Space and staff have been reduced; a team of three can run two full sessions a day. A host SUN computer boasts a UNIX operating system producing real-time graphics and the RAF-prepared software, written in "C" language, was updated in 1995, to improve development capability. As in computer-based training, scoring, final marking and recording is automatic.

Candidates, for the various RAF branches, can spend up to 5h in the test room, with test sequences usually broken hourly. A raised dais, with two master-control suites for invigilators, overlooks 40 identical test-booths, soundproofed with blue-carpeted panels. Each has a keyboard, joystick and pressure-sensing rudder pedals.
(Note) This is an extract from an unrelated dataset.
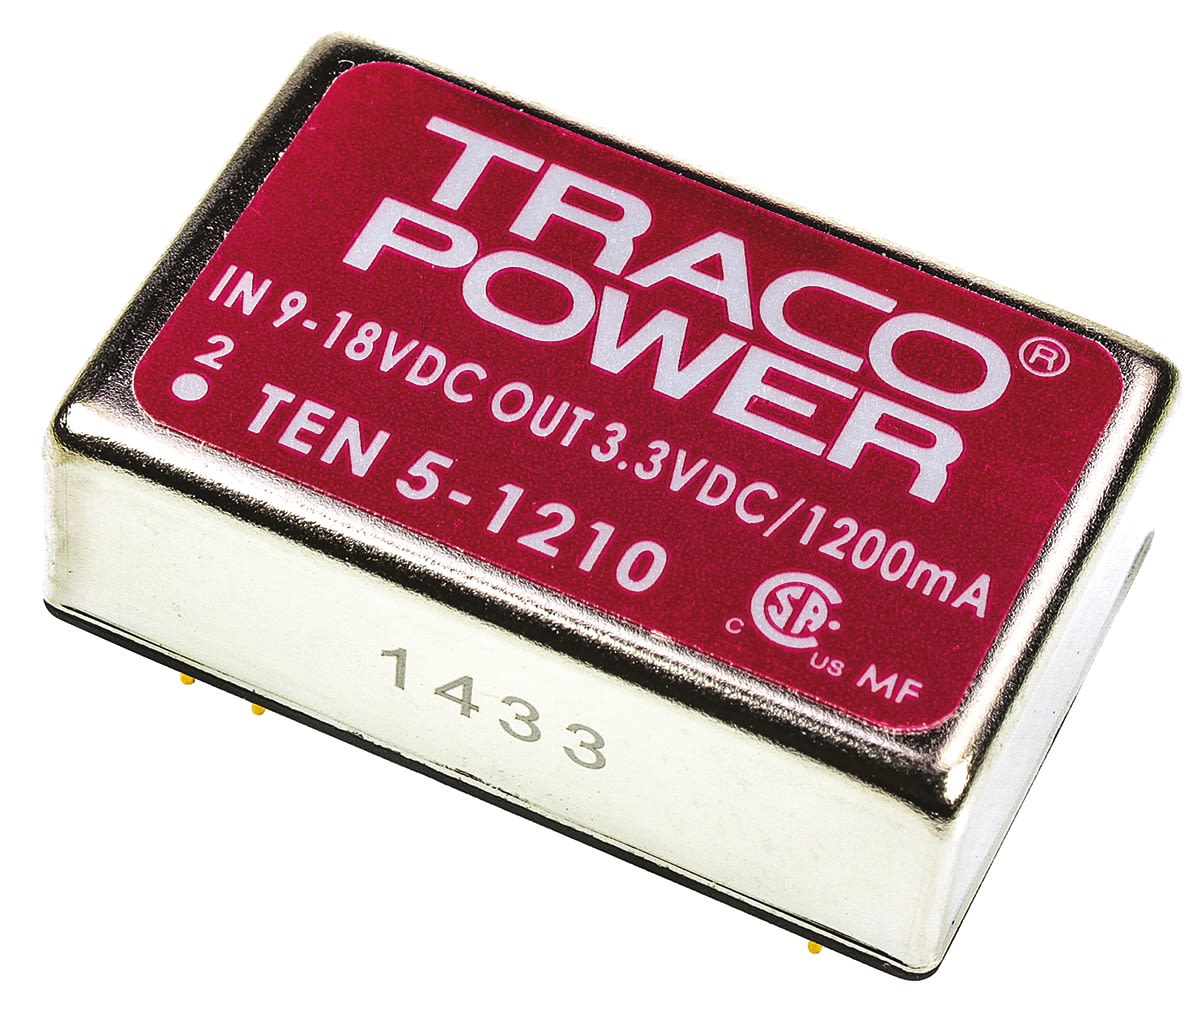 TRACOPOWER TEN 5 DC-DC Converter, 3.3V dc/ 1.2A Output, 9 → 18 V dc Input, 6W, Through Hole

Screens are set to identical colour and illumination values.

Predicted performance correlates best with training results in the elementary and basic units, where tasks and equipment are less variable than at the advanced and operational units.

 

Wide usage

This one centre is attended by all UK service users: RAF personnel, those from other service arms and police-aviation pilots/observers - as well as 500 or so holders of RAF flying scholarships, each of 20 flying hours, offered each year. The total test throughput in 1995 was 4,633 prospective pilots - 582 of them non-military, including about 400 police students.

The RAF also offers use of the centre for aspiring commercial pilots, who attend under the supervision of the Guild of Air Pilots and Air Navigators (GAPAN), whose Education and Training Committee developed a tailored-selection procedure with the RAF. The tests are widely used outside the UK, and two more national air forces have been licensed to use the RAF system.

Psytech, of Bromley, Kent, UK, as agent for overseas sales, adapts the software for personal computers. It serves other government departments, and prepares similar aptitude tests for volunteers to the University Air Squadrons, a prime focus for RAF recruitment. Each candidate has a particular education, training and experience. It was concluded that candidates should be tested "as presented" without weighting. The RAF used to give a weighting to the scores of those with previous flying experience, but this was difficult to quantify or justify.

Airline demand for pilots is highly cyclic, putting a strain both on selection systems and on civilian flying schools' capacity for ab initio training. More direct-entry pilots may be considered, but, with their wider span of ability, many will fail. British Airways, over decades of applying careful ab initio selection procedures, has found that a pilot's aptitude and early training path has considerable influence on later standards (Flight International, 7-13 February, P36)

Among experienced applicants, some "self-improvers", unfiltered by military or airline aptitude testing, will not make the grade - despite the cost. The new GAPAN-managed selections for aptitude testing at Cranwell are directed largely at avoiding such disappointments.

The RAF's testing, still impressive to see, has a pedigree and high standing among other air forces and commercial outlets. Would-be pilots are now able to find out whether they are made of the "right stuff".